DEVOPS: BREAKING THE DEVELOPMENT-OPERATIONS BARRIER

What Is DevOps?

DevOps is a set of practices, tools, and a cultural philosophy that automate and integrate the processes between software development and IT teams. It emphasizes team empowerment, cross-team communication and collaboration, and technology automation.

The DevOps movement began around 2000 when the software development and IT operations communities raised concerns about the traditional software development model, where developers who wrote code worked apart from operations who deployed and supported the code. The term DevOps, a combination of the words development and operations, reflects the process of integrating these disciplines into one, continuous process.

How does DevOps work?

  • A DevOps team includes developers and IT operations working collaboratively throughout the product lifecycle, in order to increase the speed and quality of software deployment. It’s a new way of working, a cultural shift, that has significant implications for teams and the organizations they work for.

  • Under a DevOps model, development and operations teams are no longer “siloed.” Sometimes, these two teams merge into a single team where the engineers work across the entire application lifecycle — from development and test to deployment and operations — and have a range of multidisciplinary skills.

  • DevOps teams use tools to automate and accelerate processes, which helps to increase reliability. A DevOps toolchain helps teams tackle important DevOps fundamentals including continuous integration, continuous delivery, automation, and collaboration.
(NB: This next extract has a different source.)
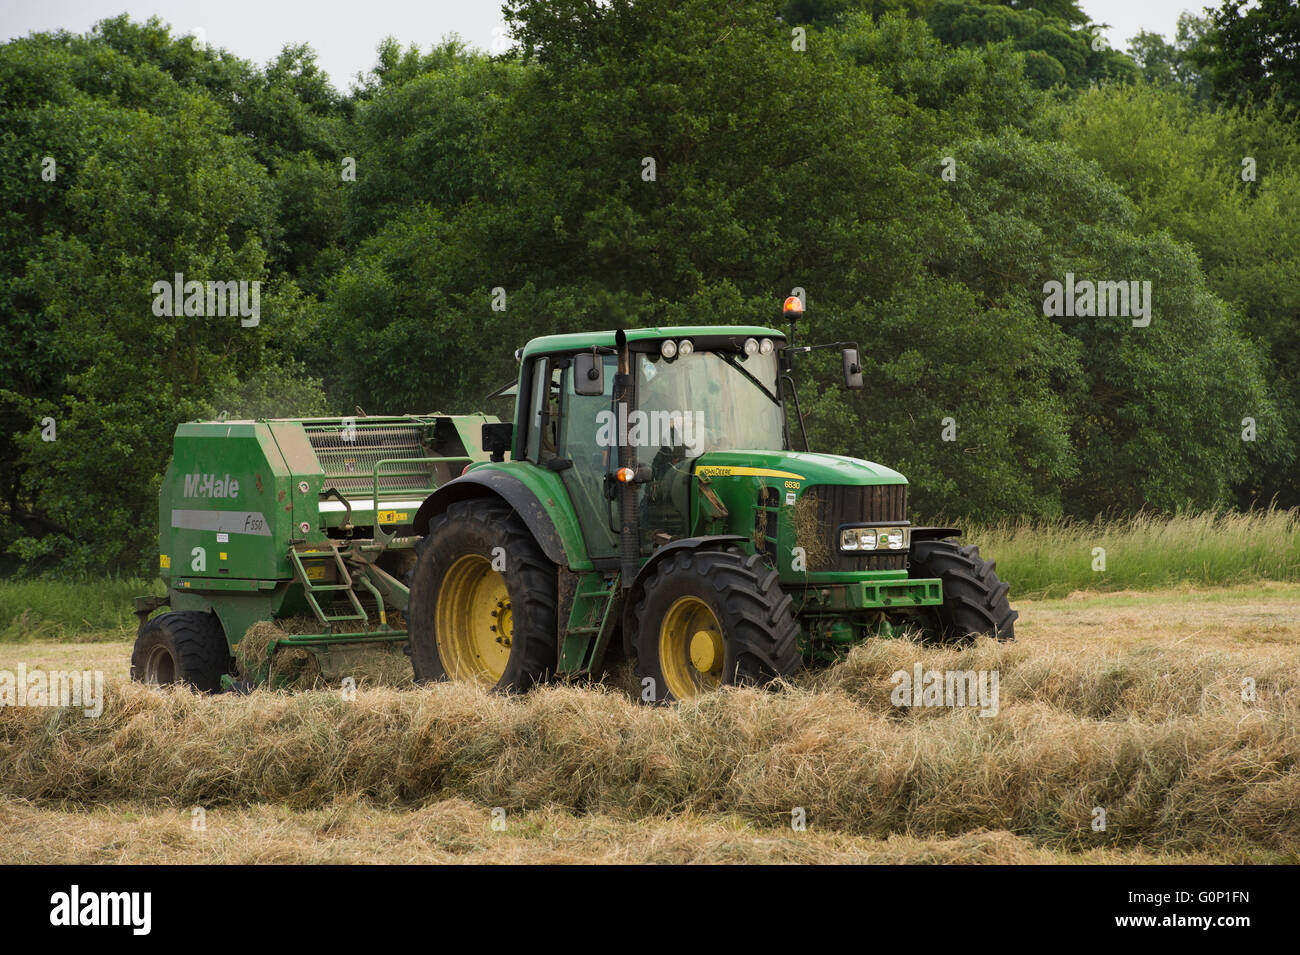 Ensilage - vert, tracteur agricole tirant une ramasseuse-presse, travaille dans un champ à grande Ouseburn, North Yorkshire, Angleterre. Banque D'Images

  • DevOps values are sometimes applied to teams other than development. When security teams adopt a DevOps approach, security is an active and integrated part of the development process. This is called DevSecOps.

The DevOps lifecycle

Because of the continuous nature of DevOps, practitioners use the infinity loop to show how the phases of the DevOps lifecycle relate to each other. Despite appearing to flow sequentially, the loop symbolizes the need for constant collaboration and iterative improvement throughout the entire lifecycle.